I hadn't had enough coffee when I wrote this. Currently, the final
increment of buf depends on the value loaded from the table, and
causes gcc to emit a cmov immediately before the return. It is smarter
to let it depend on r, since the increment can then be computed in
parallel with the final load/store pair.
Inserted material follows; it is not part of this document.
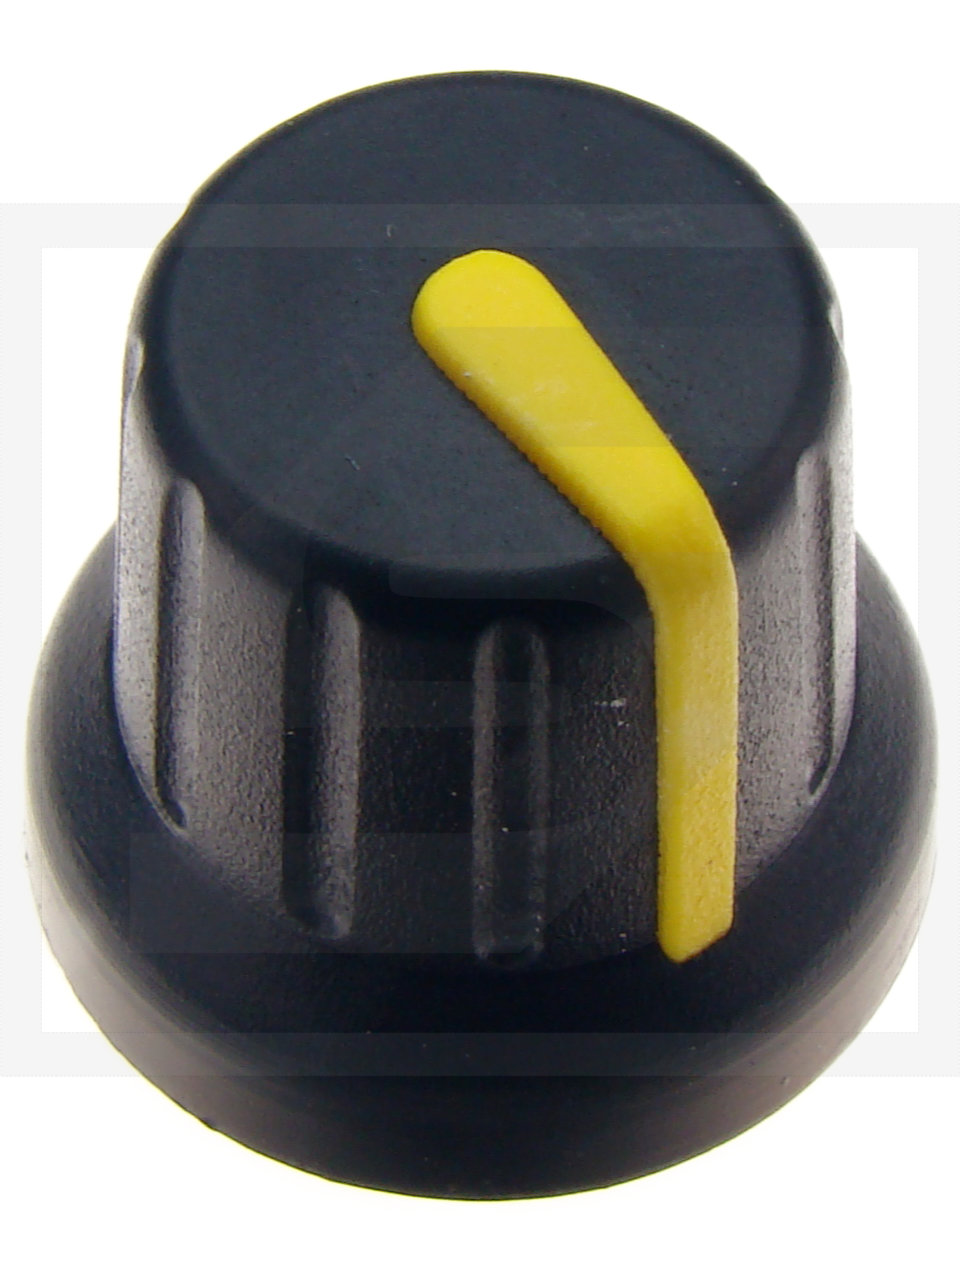 Pokrętło N-4 znacznik żółty; średnica osi 6mm;fi 16x14mm;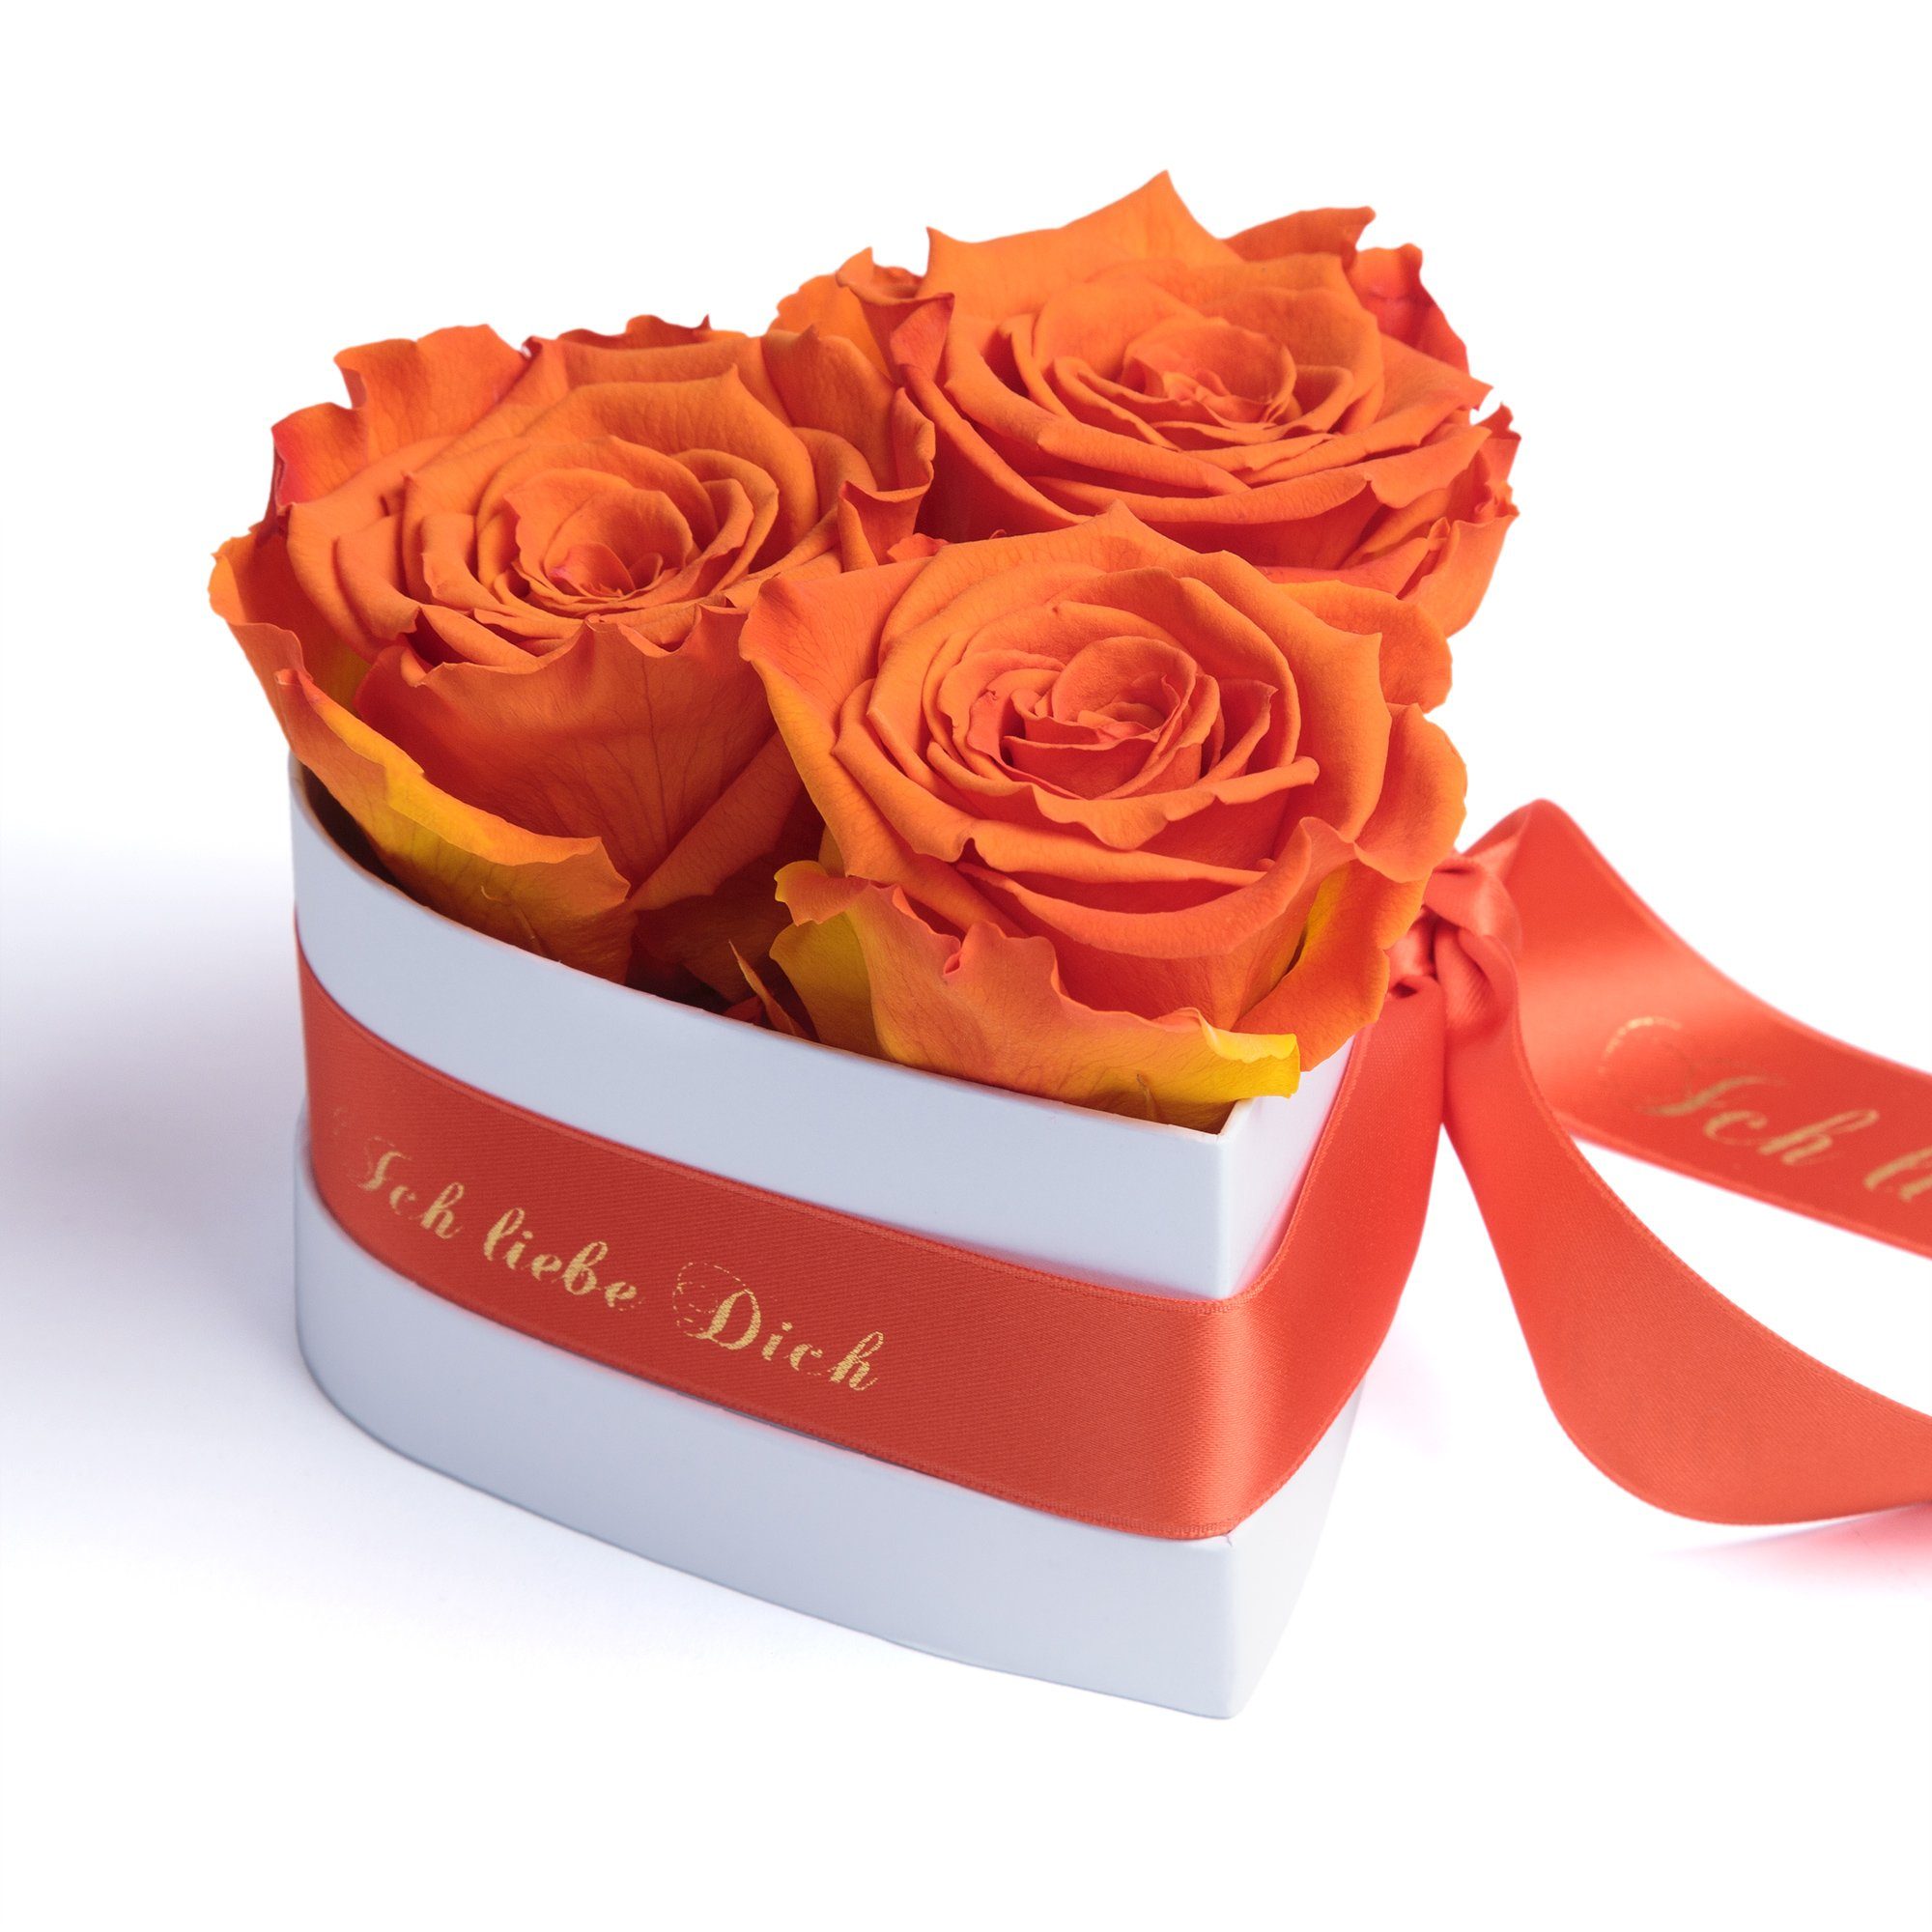 Kunstblume Rosenbox Herz 3 infinity Rosen Ich liebe Dich Geschenk für Sie Rose, ROSEMARIE SCHULZ Heidelberg, Höhe 10 cm, Liebesbeweis Valentinstag orange

It also shaves 16 bytes of
.text.
Signed-off-by: Rasmus Villemoes <linux@rasmusvillemoes.dk>
Cc: Tejun Heo <tj@kernel.org>
Cc: Peter Zijlstra <a.p.zijlstra@chello.nl>
Signed-off-by: Andrew Morton <akpm@linux-foundation.org>
Signed-off-by: Linus Torvalds <torvalds@linux-foundation.org>
/*
* This will print a single '0' even if r == 0, since we would
- * immediately jump to out_r where two 0s would be written and one of
- * them then discarded. This is needed by ip4_string below. All other
- * callers pass a non-zero value of r.
+ * immediately jump to out_r where two 0s would be written but only
+ * one of them accounted for in buf. This is needed by ip4_string
+ * below. All other callers pass a non-zero value of r.
*/
static noinline_for_stack
char *put_dec_trunc8(char *buf, unsigned r)
out_r:
/* 1 <= r < 100 */
*((u16 *)buf) = decpair[r];
- buf += 2;
- if (buf[-1] == '0')
- buf--;
+ buf += r < 10 ? 1 : 2;
return buf;
}